• **Required work**: Output exactly the lines below from the one containing "دونجا يحتفل بحفل زفافه (11)" to the last line, both included. Omit pictures.

• **Dataset extract**:

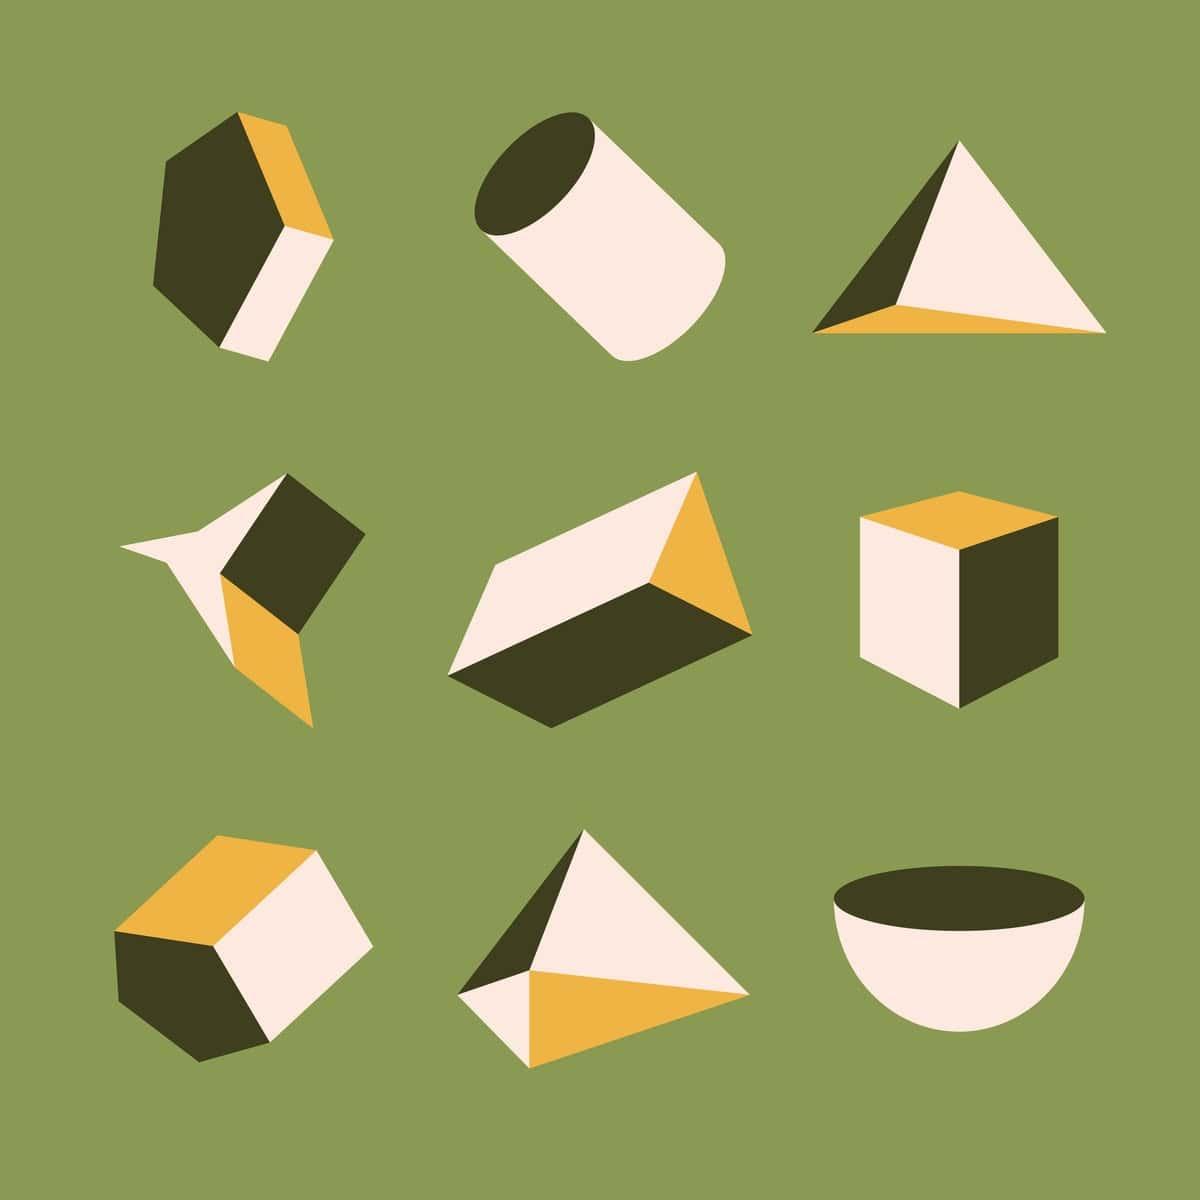 un ensemble de formes géométriques classiques des mathématiques
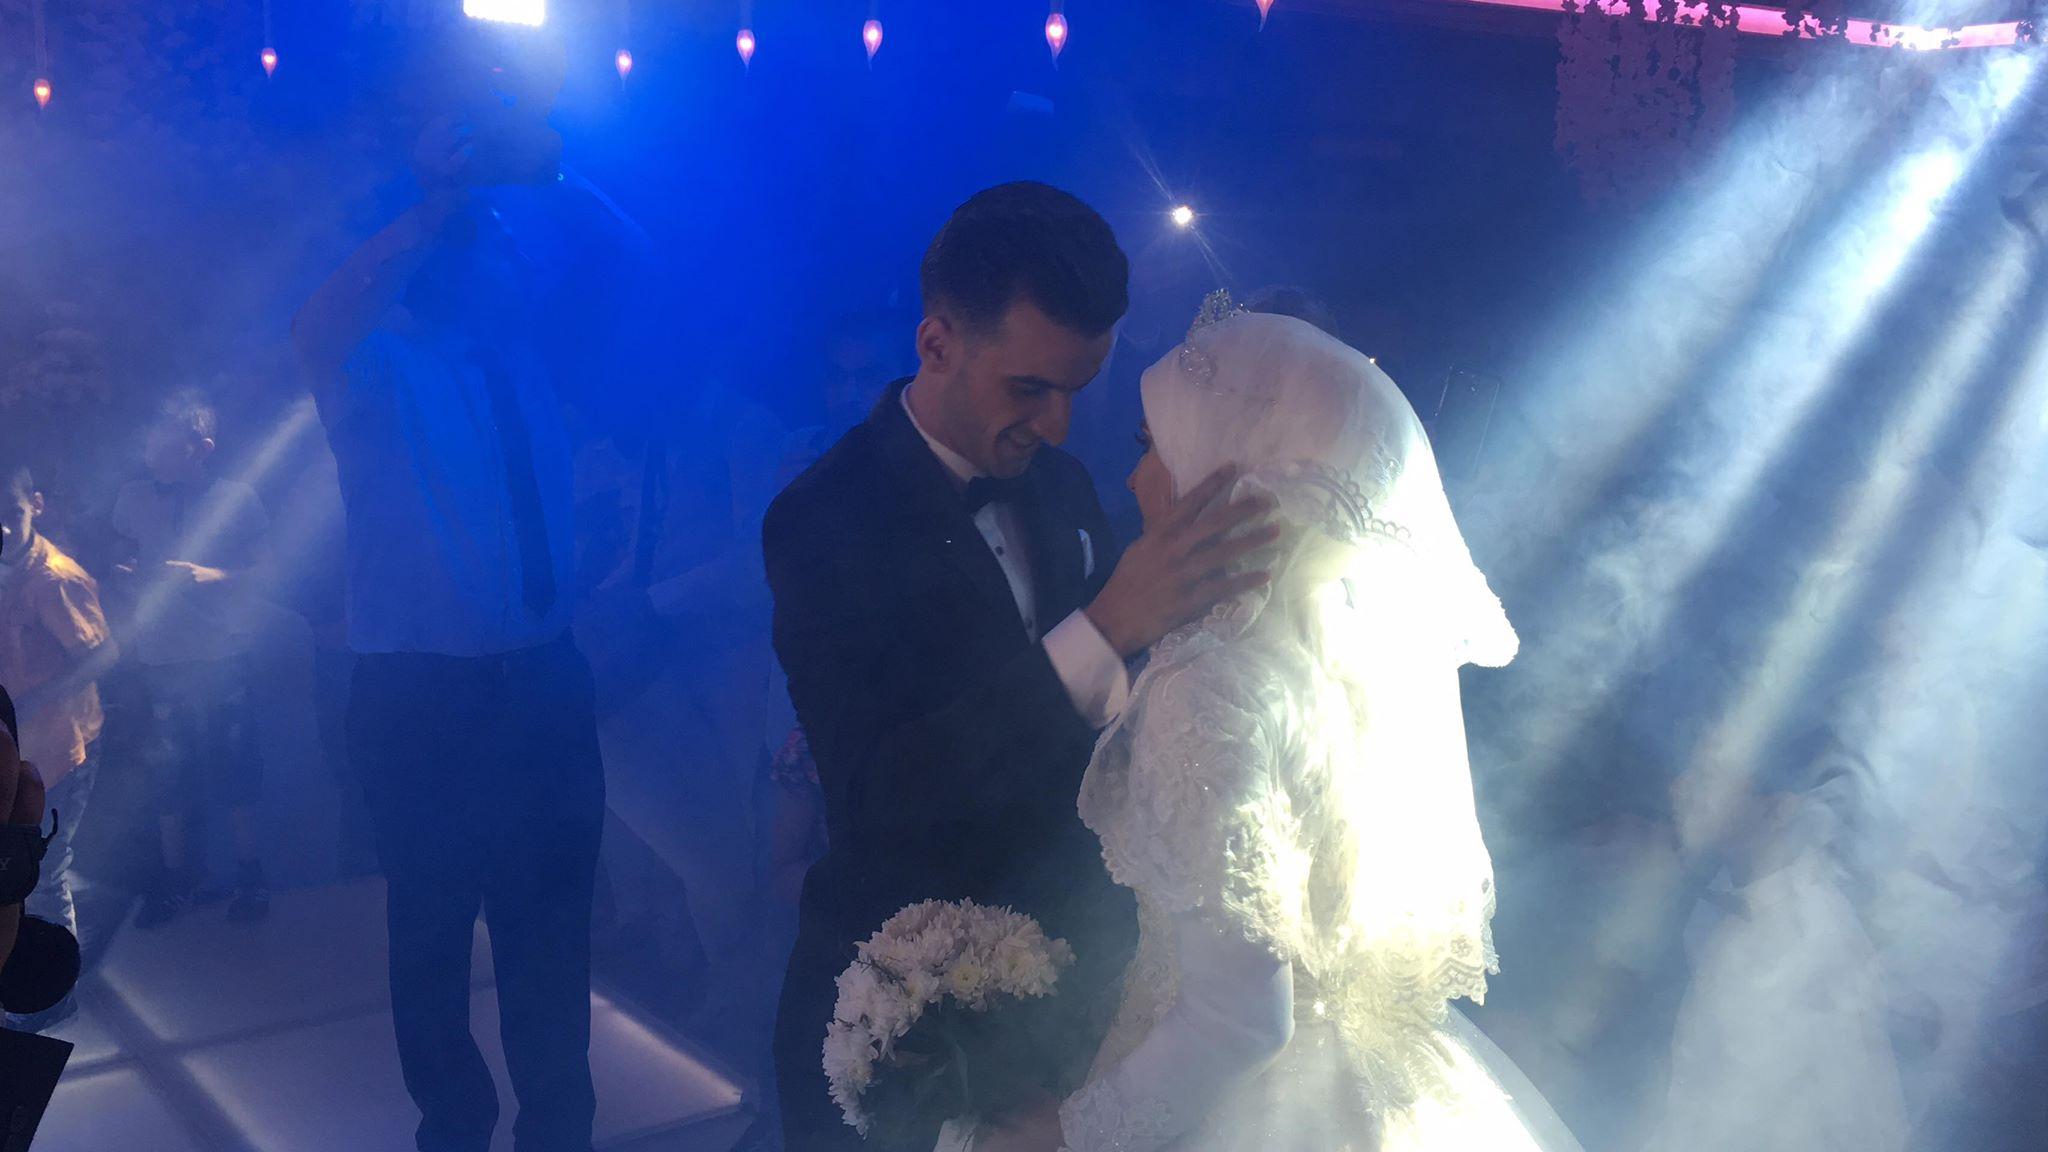 دونجا يحتفل بحفل زفافه (11)
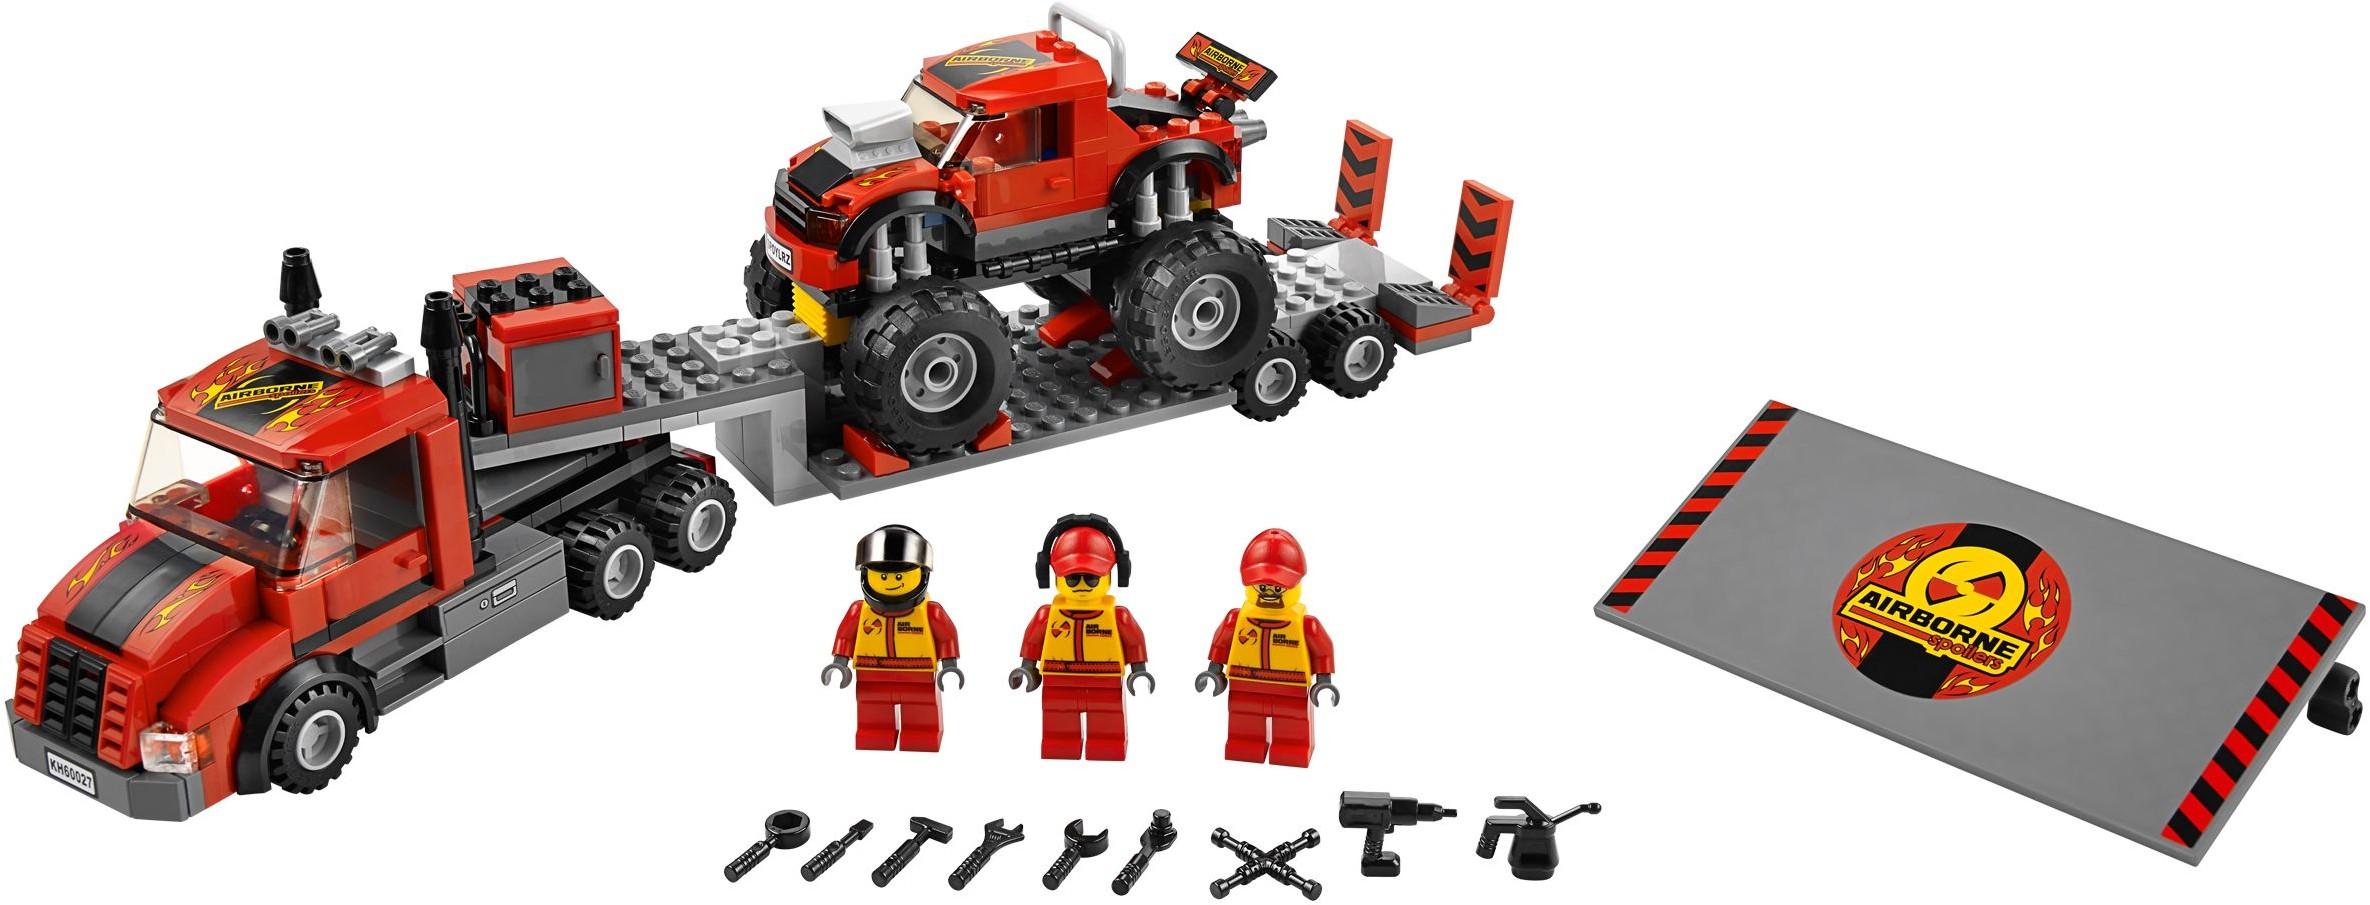 Monster-Truck Transporter 60027

• **Solution for this task**:
 دونجا يحتفل بحفل زفافه (11)
 Monster-Truck Transporter 60027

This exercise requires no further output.